Behaviour of the Java Spark API : JavaEsSpark.saveToEs (background or not)

Hi,
In a Spark Streaming Job, I am using JavaEsSpark.saveToEs to bulk documents into ES indices.
So far so good, but I was wondering about its behaviour.
Indeed, I noticed that the code after the JavaEsSpark call seems to be executed whereas it is not over...

    if (...) {
               
      JavaEsSpark.saveToEs(message, index_pattern+"_{target_index}/{target_type}");
      
    }

    // at last, we commit the offset ranges
    ((CanCommitOffsets) messages.inputDStream()).commitAsync(offsetRanges);

As you can see, I commit kafka offset after saveToEs, but sometimes, saveToEs failed (what so ever issue) and offsets are still commited !

So, if anyone knows sharply the behaviour of this API, I would be pleased :slight_smile:

Thanks a lot.

That's pretty peculiar.

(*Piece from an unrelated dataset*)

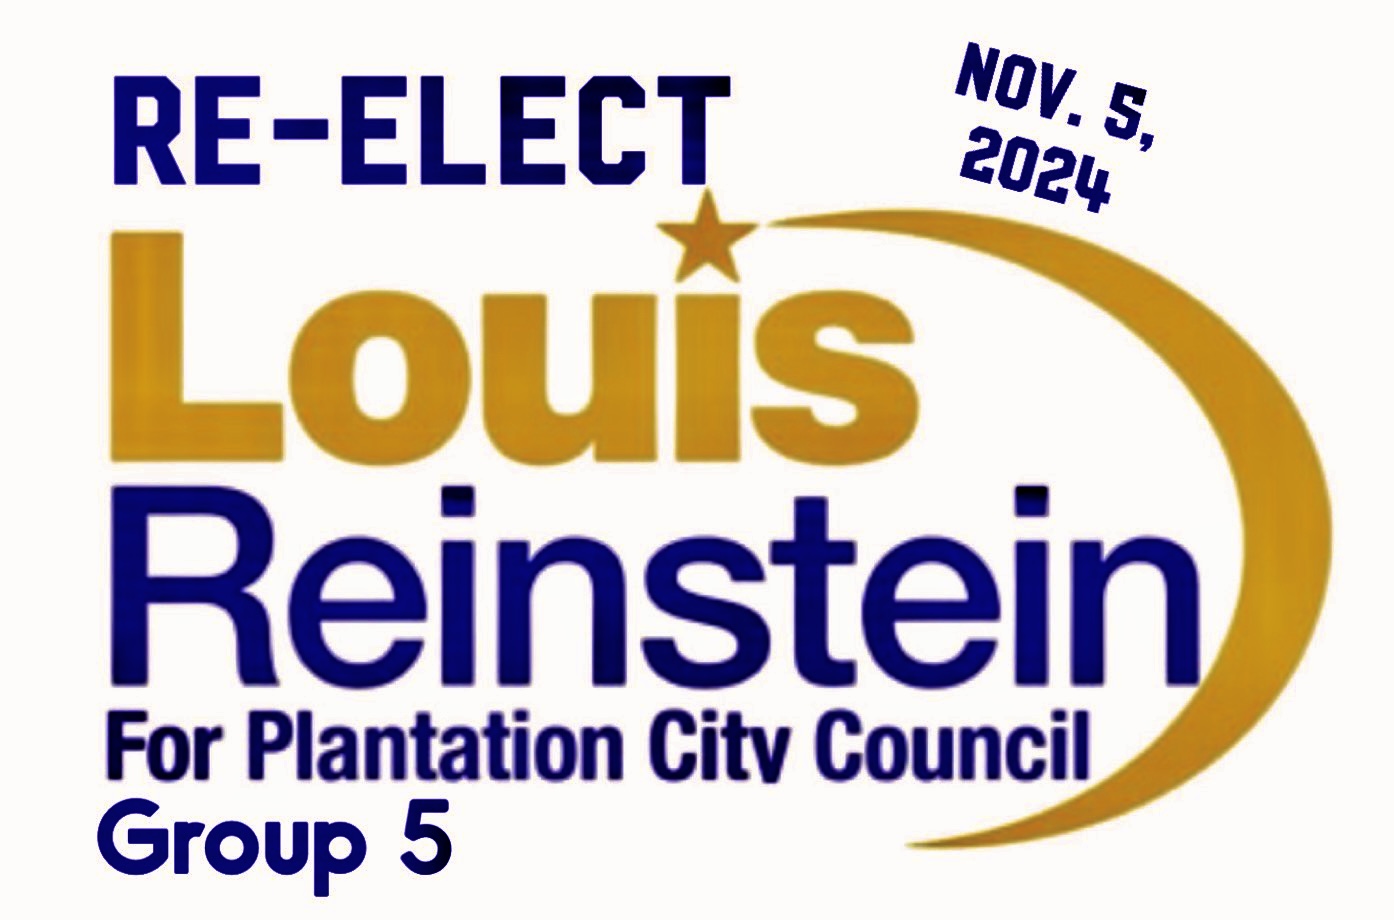 RE-ELECT LOUIS REINSTEIN, PLANTATION CITY COUNCIL, GROUP 5, NON-PARTISAN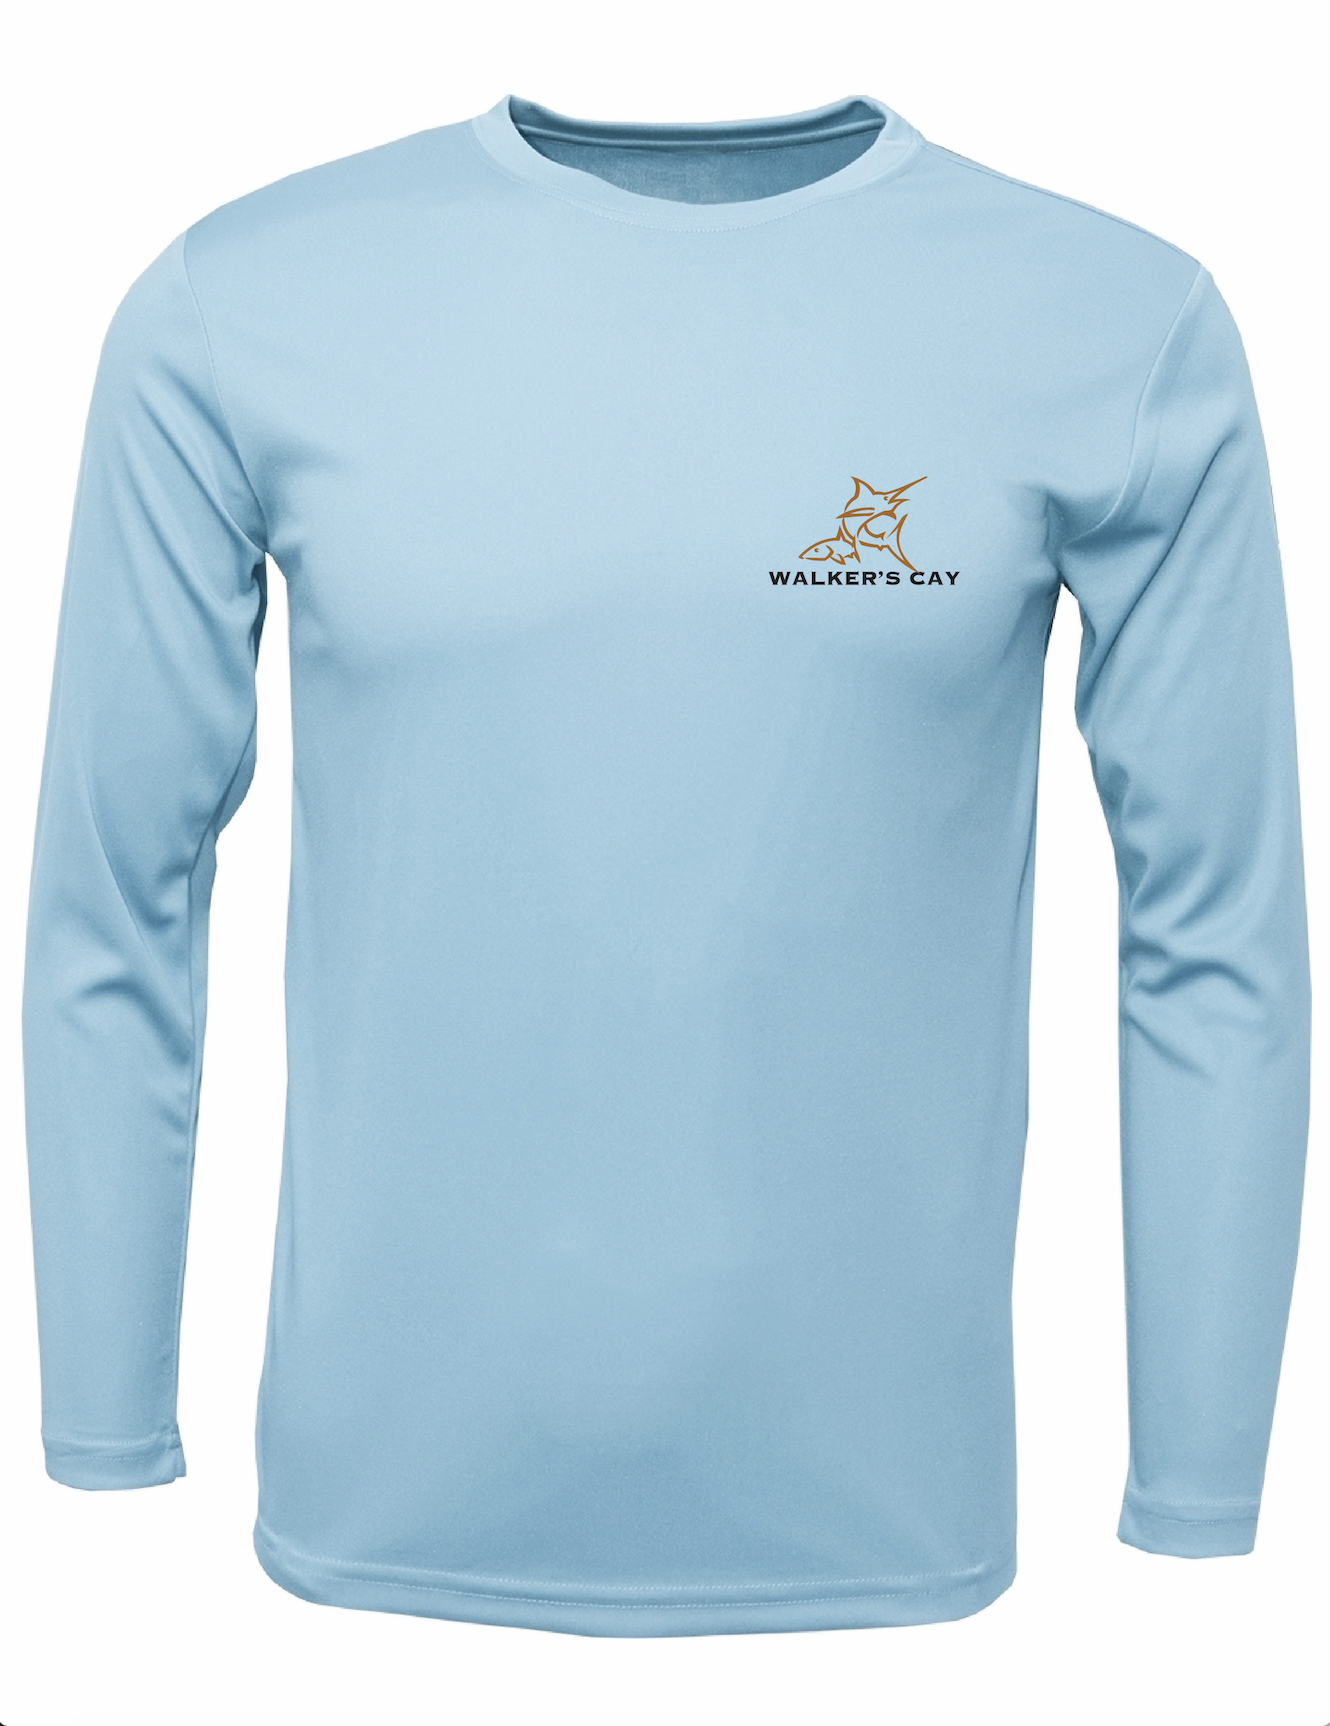 Walker's Cay - Light Blue Pursuit Performance Shirt

The saveToEs method simply runs the spark job using the writer implementation to save the data to Elasticsearch. If the RDD fails to complete, the job runner should throw a org.apache.spark.SparkException with information about what caused the run to fail. Can you share what kind of failure you're seeing that still leads to the offsets being committed? Are you sure that the line of code here that commits the offset is the only place that the commit happens?

This topic was automatically closed 28 days after the last reply. New replies are no longer allowed.